Posted on April 1, 2015 by | Posted in about LibriVox, Blog, Books, For Volunteers, Monthly Picks, News | Comments: 2 Comments

April 12 is dedicated in memory of the first manned space flight in 1961 as the International Day of Human Space Flight. Let’s celebrate this scientific milestone with 10 gems from our catalog.

Long before humans tried to fly to the stars, astronomy was busy classifying all the Curiosities of the Sky. In the book by Garrett P. Serviss we hear about them all: stars and their constellations, nebulae, meteors, aurorae…

The universe has served as inspiration for mankind since ancient times. Clark Ashton Smith has written The Star Treader and Other Poems, a number of beautiful poems about the nightly skies: The Summer Moon, Lament of the Stars, Song of a Comet…

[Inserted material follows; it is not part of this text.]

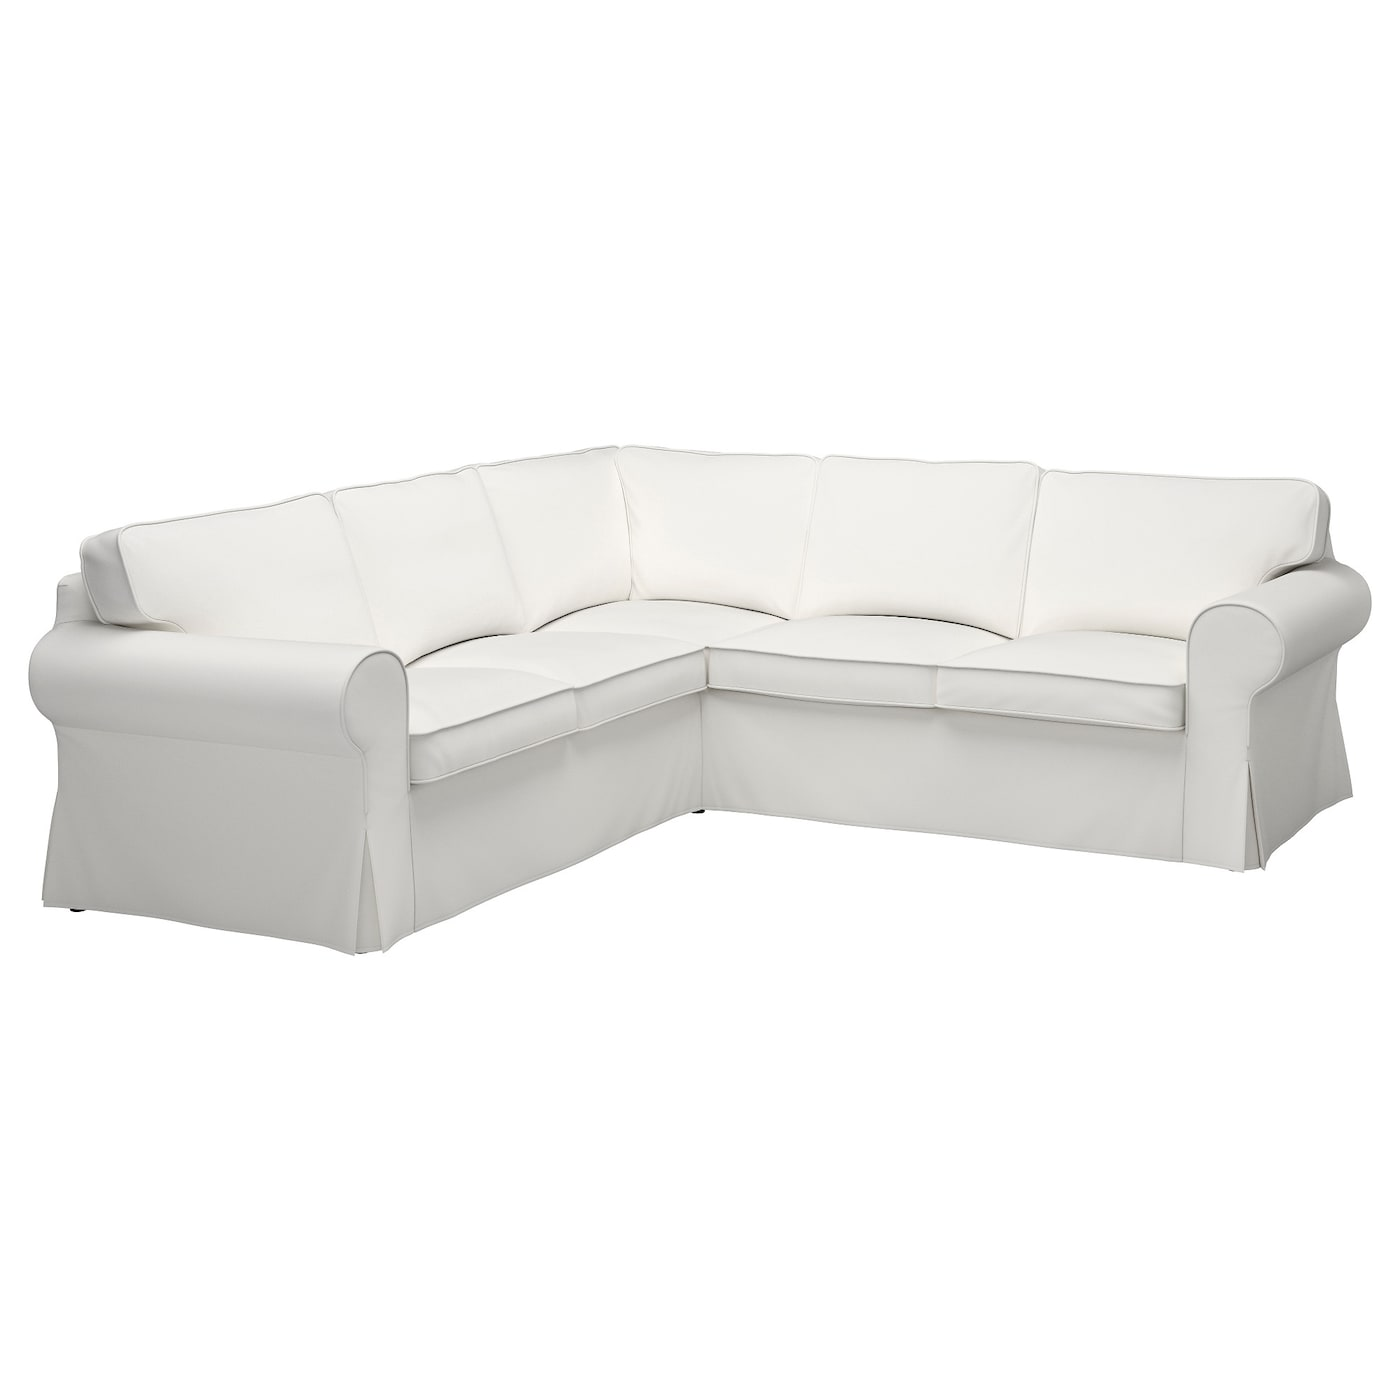 ektorp housse canap d 39 angle 4 places vittaryd blanc ikea. Black Bedroom Furniture Sets. Home Design Ideas

36 people of different nations get a closeup view of the latter, when they are taken Off on a Comet that hits the Earth and takes a chunk with it. For two years they are travelling through space in one of the earliest sci-fi stories, written by Jules Verne.

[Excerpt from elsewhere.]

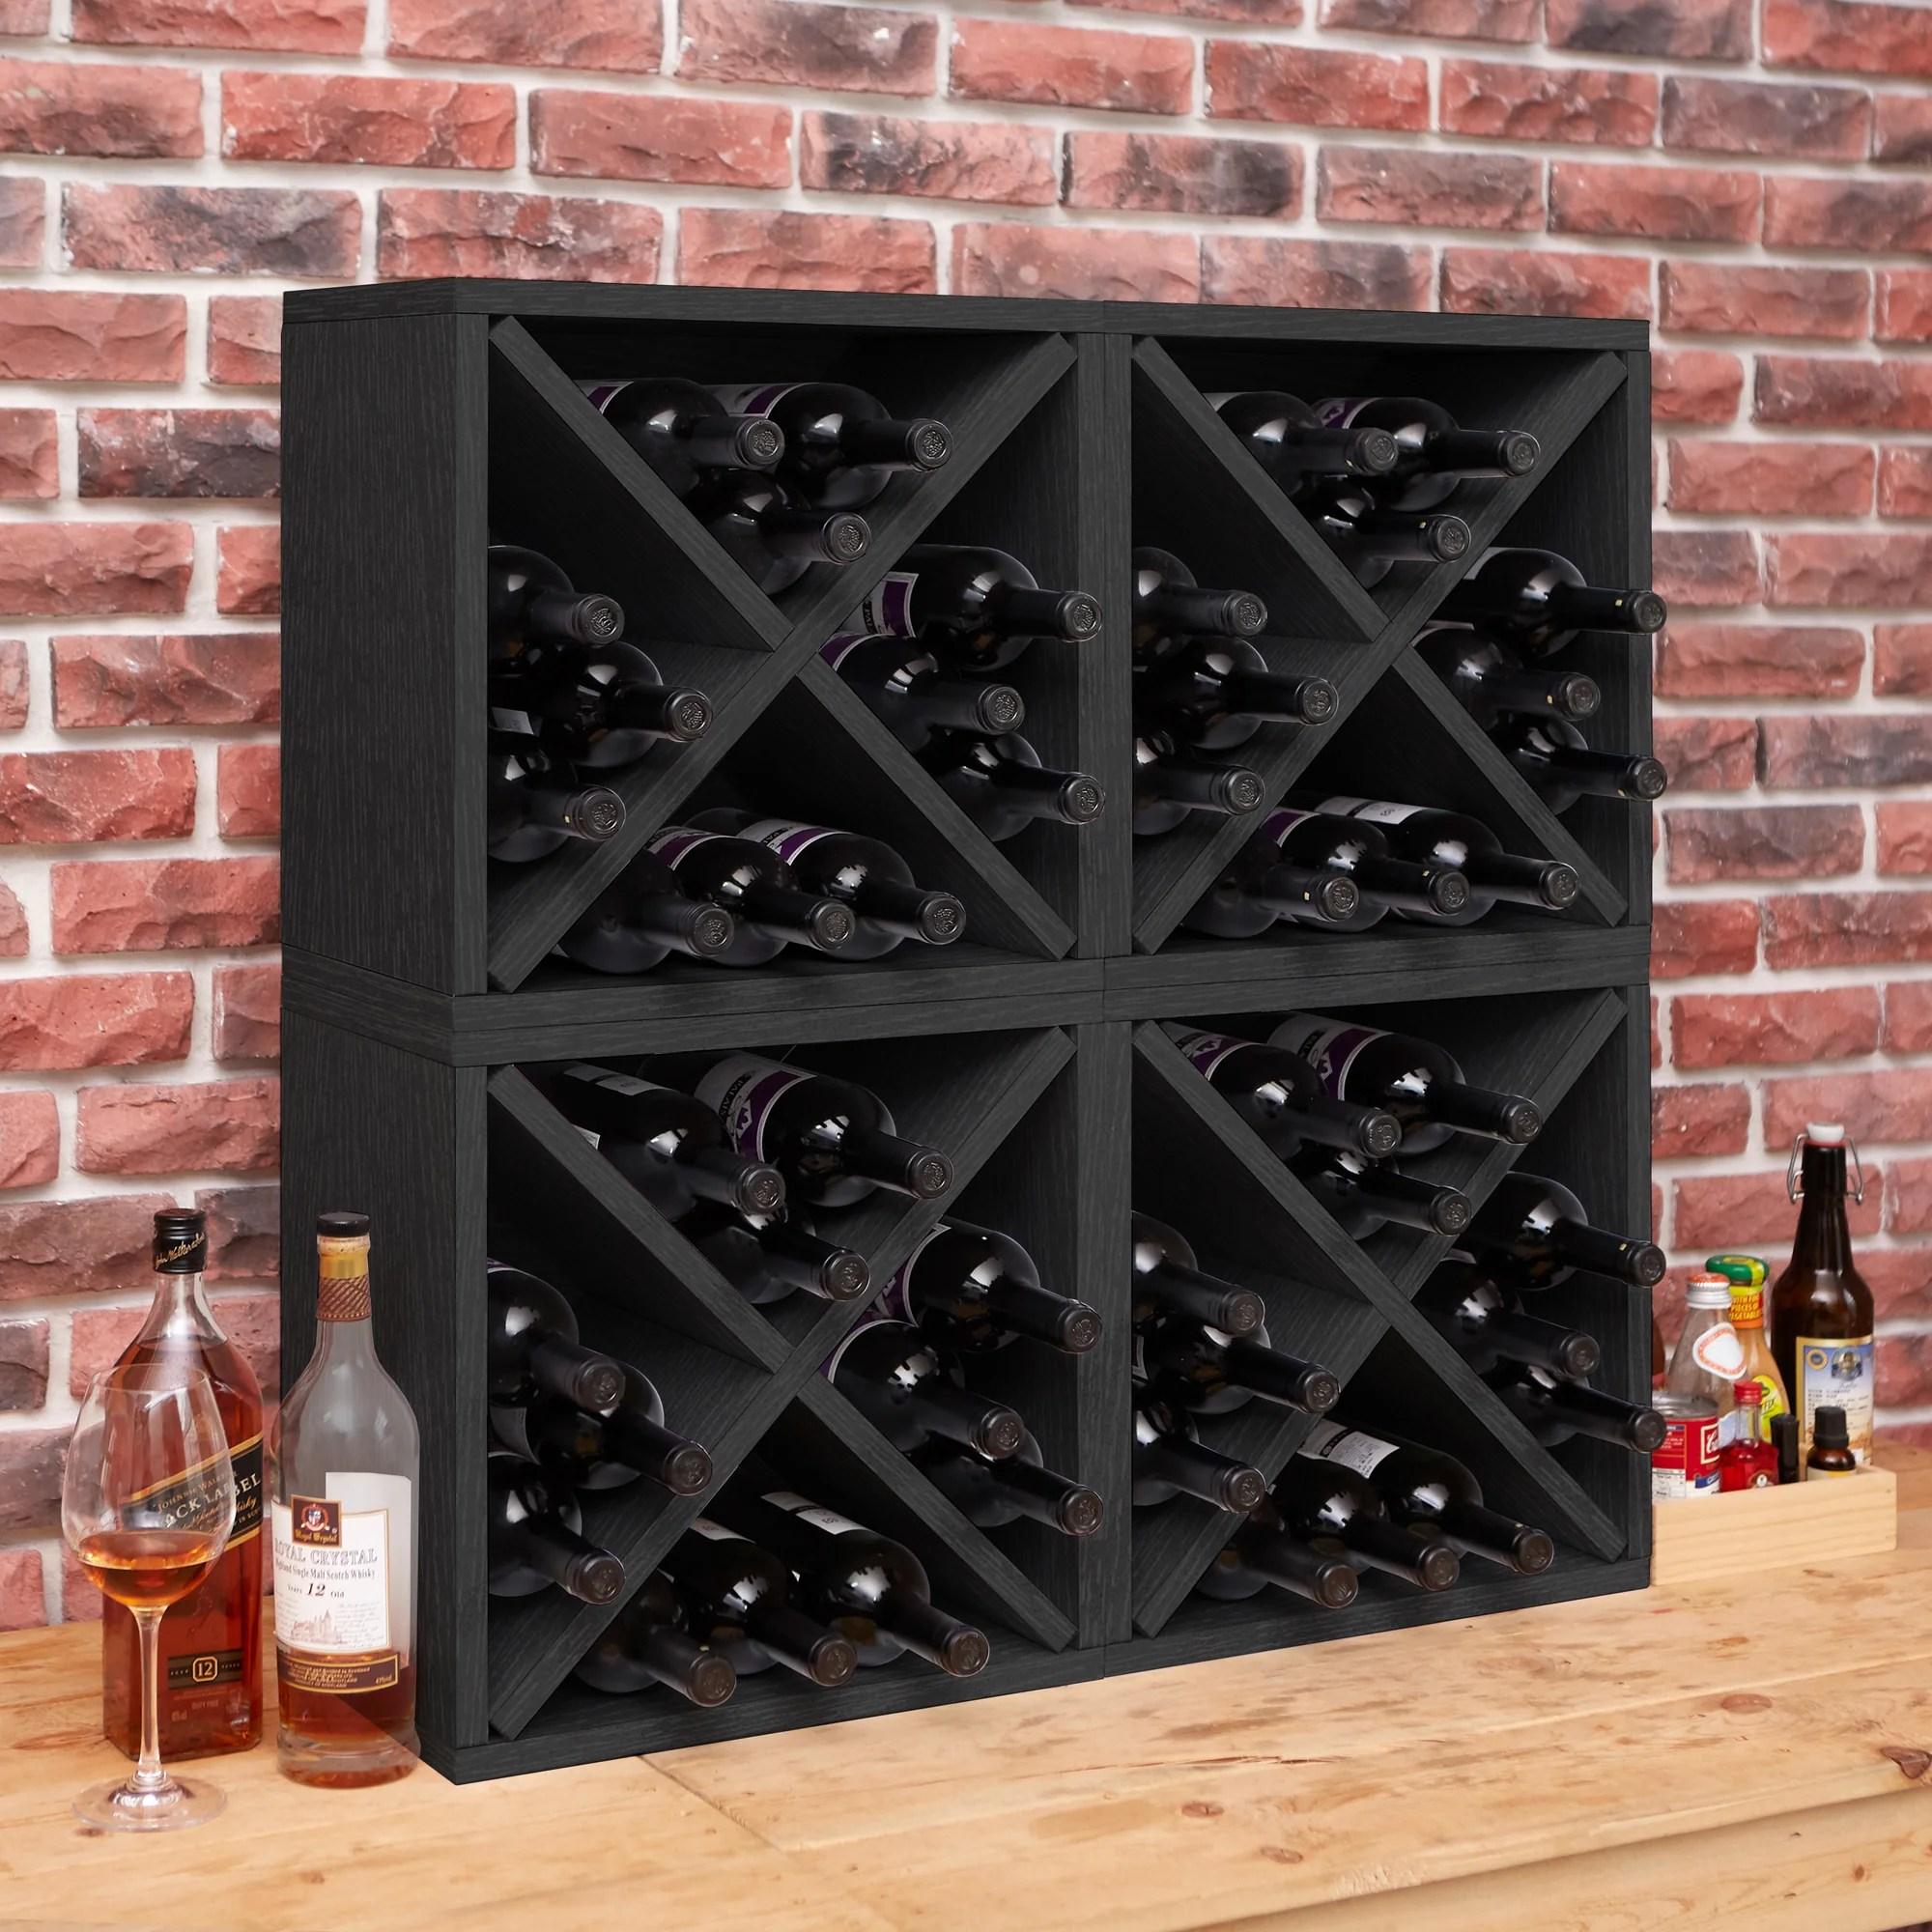 wine storage cheaper than retail price

In that story, a scientist plays an important role in helping to solve the mysteries of the solar system, just like in the real world. Read Robert Stawell Ball’s biographies of Great Astronomers from Ptolemy to Galileo, from Copernicus and Kepler to Newton and Halley…

Not quite so famous is Gulliver of Mars. During his vacation, US Navy Lt. Jones is transported to the red planet and promptly falls in love with a Martian princess. Check out the book by Sir Edwin Arnold, which served as inspiration for the Barsoom series.

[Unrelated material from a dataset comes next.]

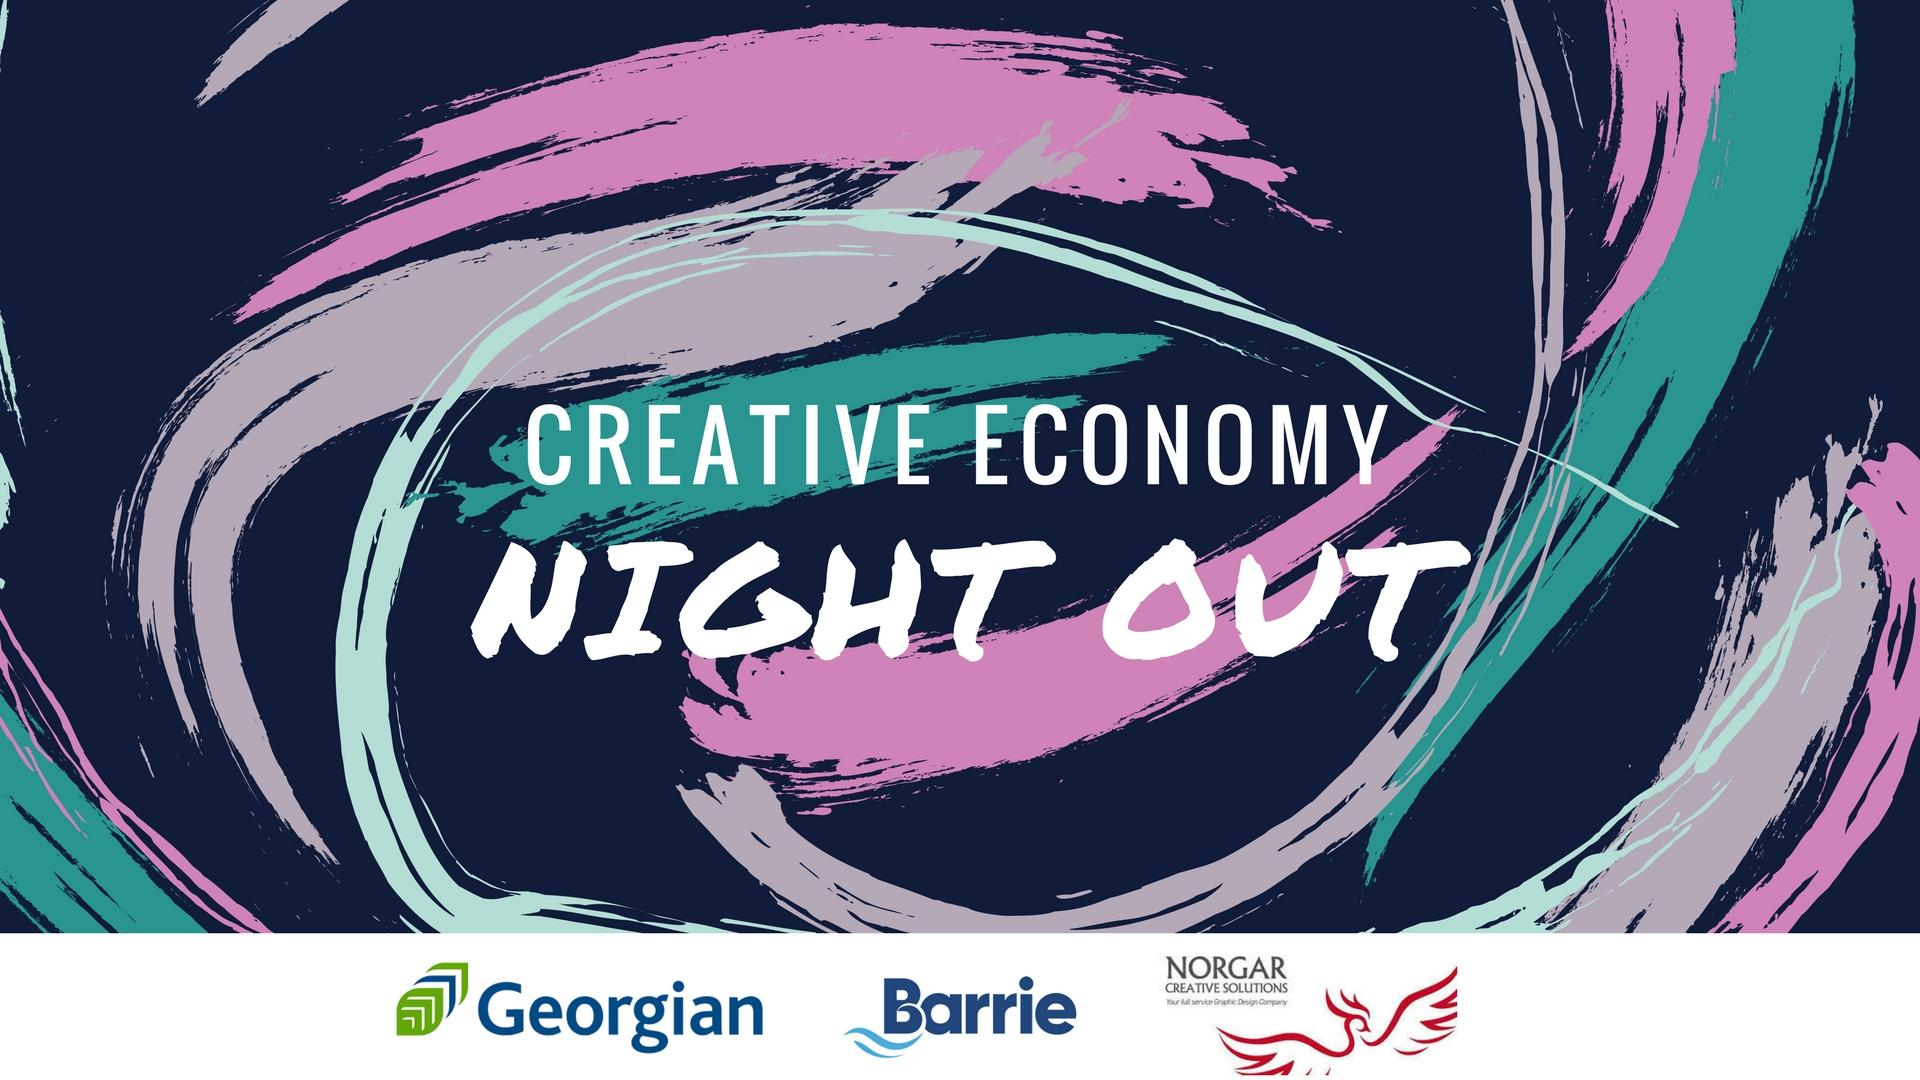 Creative Economy Night Out - February 2018

A group of student astronauts from Minnesota is not waiting for luck, and are ready to do anything to leave Earth. When they finally succeed, they are not prepared for what’s in store for them though… Find out more in The Planet Strappers by Raymond Z. Gallun.

From space travel to space colonisation it is just a small step, but, as has been found out in Murray Leinster’s story, the human race needs special conditions: a replica of those on Earth. When the first people land, they soon notice that something has gone wrong on terraformed Planet of Dread

In any case we have to solve the problem of the enormous amount of time it takes to cross space. Enter philosopher John McTaggart who argues for The Unreality of Time by saying that our descriptions of time are either contradictory, circular, or insufficient.

It is likely that robots will play a large role on our long space travels. The more human, the better they can serve us – but when do they deserve human rights? This question is explored in Karel ńĆapek’s famous play R.U.R. – Rossum’s Universal Robots.

More advanced machines can cause more problems. Robot Snookums is a rather Unwise Child when he learns how to build bombs. Thus, he is being shipped off to a distant planet, but scary things occur on the trip… Is Snookums really to blame in the story by Randall Garrett?

Enjoy – and look at the stars tonight!